Why not just buy another? I just bought a brand new one two months ago. If you got years of good service out of it, you could just purchase a fresh one. I didn't want motorized faders, I did want 100mm long-throw faders and not 60mm ones. The JL Cooper fit the bill perfectly.


----------



## AlexRuger (Dec 10, 2016)

Nathanael Iversen said:


> Why not just buy another? I just bought a brand new one two months ago. If you got years of good service out of it, you could just purchase a fresh one. I didn't want motorized faders, I did want 100mm long-throw faders and not 60mm ones. The JL Cooper fit the bill perfectly.


New ones are just insanely over-priced, and they don't feel nearly as good as the old ones. The new ones have a blue diamond to the left of the faders, and the older ones have a white one. I find the faders on the new ones to be no better than most other control surfaces out there, so there's no reason to drop, like, a grand on them.


----------



## Gerhard Westphalen (Dec 10, 2016)

What DAW are you using? Most of the time touch sensitive and motorized faders are useless for midi CC unless you're using it as automation data. Because of that, I'd consider just getting a BCF2000 and saving a couple of hundred dollars. If you're using it for automation then I'd consider the X-touch but I don't think it can follow your track selection since it's mackie control so I'd get a single Faderport instead for that. I use a BCF2000 and a Faderport and it's great.


----------



## AlexRuger (Dec 10, 2016)

Cubase, and yes I'm worried about that. I've asked around and haven't gotten a clear answer as to whether the motors on the X-Touch are disengaged while using it with the piano roll. 

I used to own a BCF2000 and that thing drove me crazy. Never again, hated that unit with a passion.

I'm probably going with an Icon Platform M, but I'm considering going with an SSL Nucleus and setting it all up with the Generic Remote. Could have a few faders for MIDI CC and a few for fader riding.


----------



## Gerhard Westphalen (Dec 10, 2016)

As a generic remote you can't get touch sensitivity so having faders there is pretty useless for working with automation. You either need a mackie emulation or a device with it's own setup (like the Faderport) to have touch sensitivity. 

What didn't you like about the BCF2000? The X-touch will do the exact same thing if you're using it for midi cc.
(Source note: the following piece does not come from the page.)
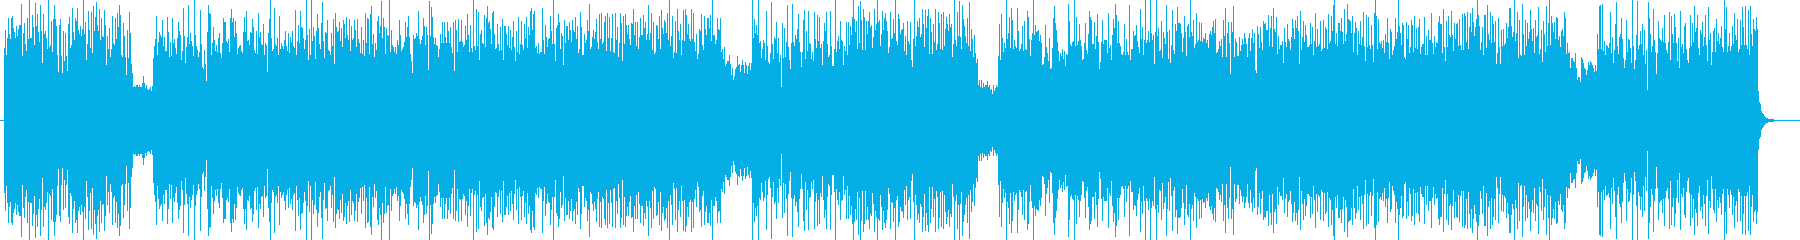 「HR/HM」「METAL」BGM271の再生済みの波形

Aside from it not being the greatest thing to look at, I've never had issues with it.


----------



## AlexRuger (Dec 10, 2016)

I hated the sound of the motors, and because it wasn't touch sensitive, the motors never shut off and would constantly fight me when doing CC's.
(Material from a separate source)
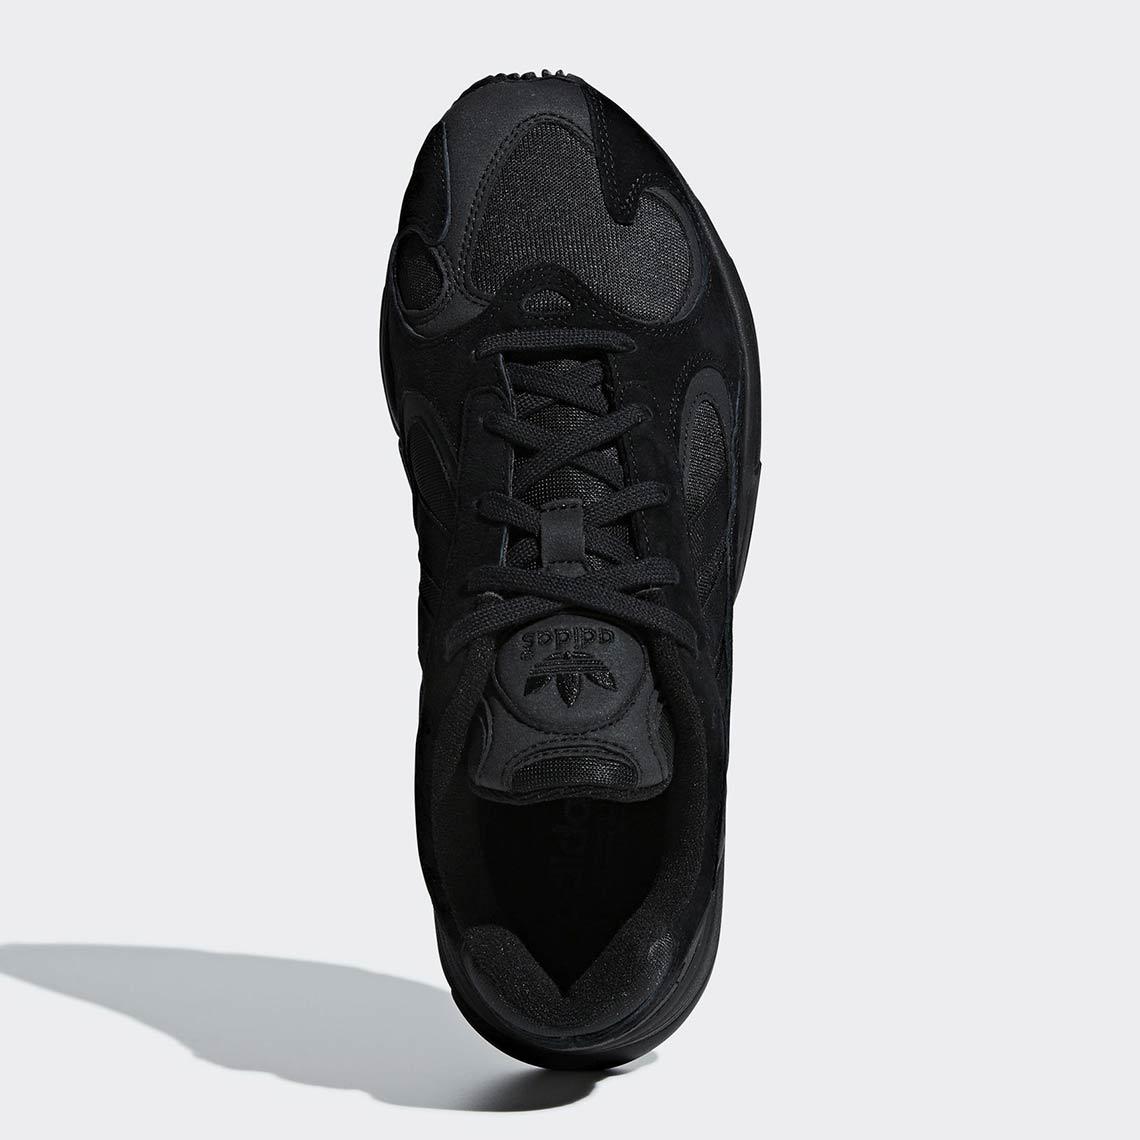 new arrivals cefcd 00383 adidas Yung 1 Black  G27026

Yeah, I know that I'll lose out on touch sensitivity if I set it up through the generic remote, but using the R and T flags I'll at least be able to specify fader movement in the faders I'll use for fader rides instead of CC's. That'd be a cool way of splitting up a control surface. That's only with the SSL Nucleus that I'd do that with, though.
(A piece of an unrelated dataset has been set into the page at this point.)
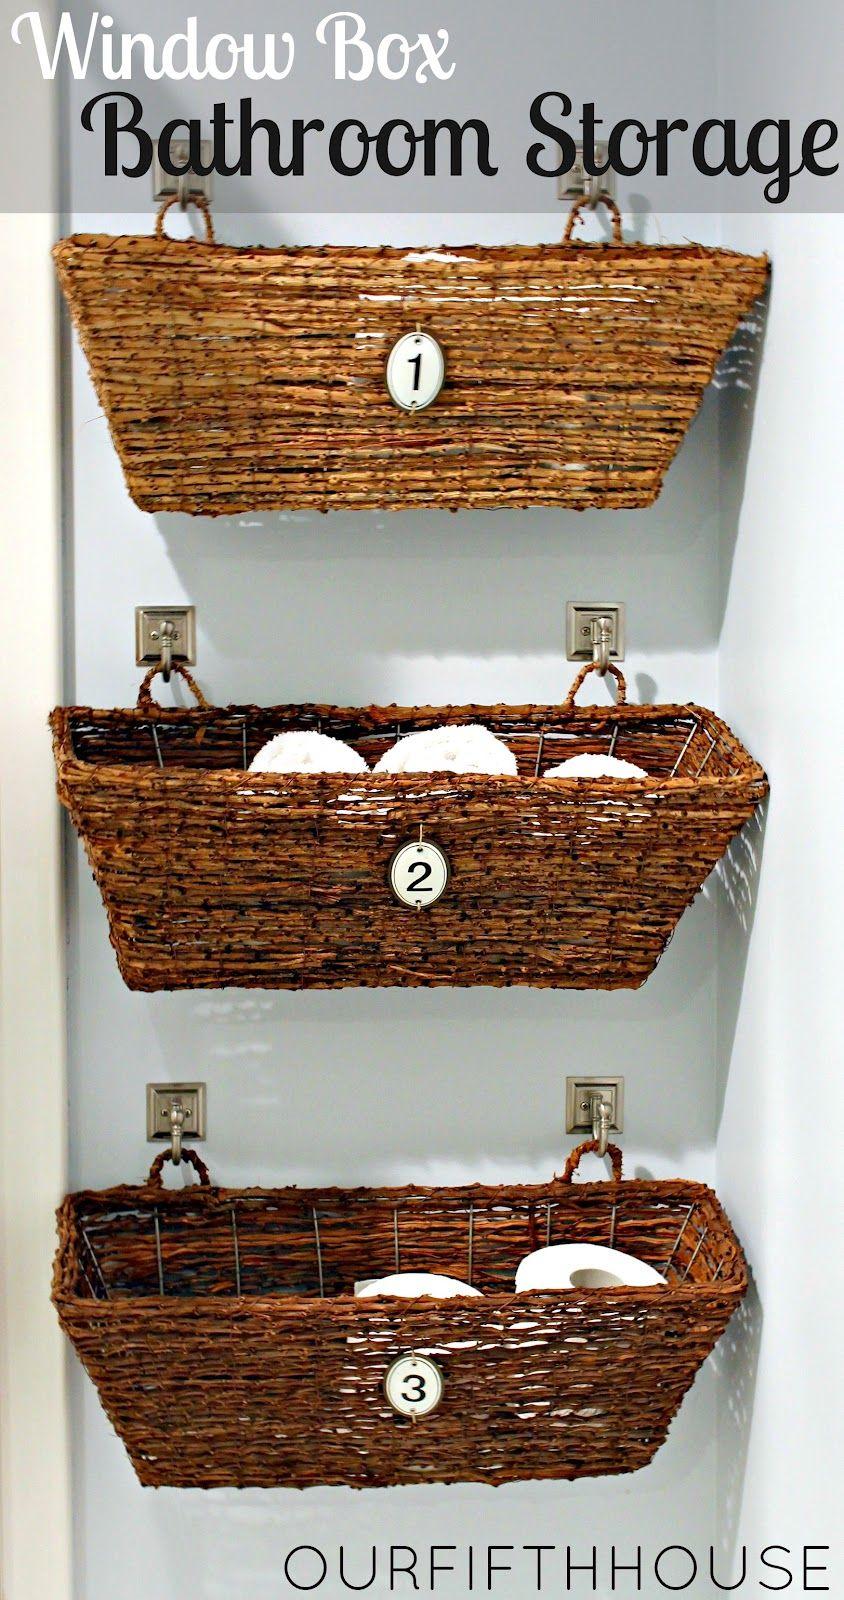 marvellous diy bathroom towel storage ideas   40 Simply Marvelous Bathroom Organization Ideas To Get Rid ...

But, now that I think about it, losing out on touch sensitivity with motorized faders would give me the same problem I had with the BCF2000. Sigh...


----------



## Gerhard Westphalen (Dec 11, 2016)

If you were using the BCF2000 as a midi controller it wouldn't have the motors running. Midi CC's don't get sent back out in Cubase unless you're using it as automation data. It's been years since the motors on mine got any use (when I tried having it in Mackie emulation).

I'd say either use a control surface in it's native/mackie emulation mode or forget about motors or touch sensitivity as they're pretty well useless. You need to decide whether you want to use this for CC or everything else and make your decision accordingly. Unless you're going to "hack" a control surface like the Eucons similar to what Trevor Morris did, you can't get both in 1 control surface. Nothing that I know of lets you toggle between native support with touch sensitivity and midi control straight out of the box.


----------



## Ashermusic (Dec 11, 2016)

[QUOTE="Gerhard Westphalen, post: 4028036, member: 9286" Nothing that I know of lets you toggle between native support with touch sensitivity and midi control straight out of the box.[/QUOTE]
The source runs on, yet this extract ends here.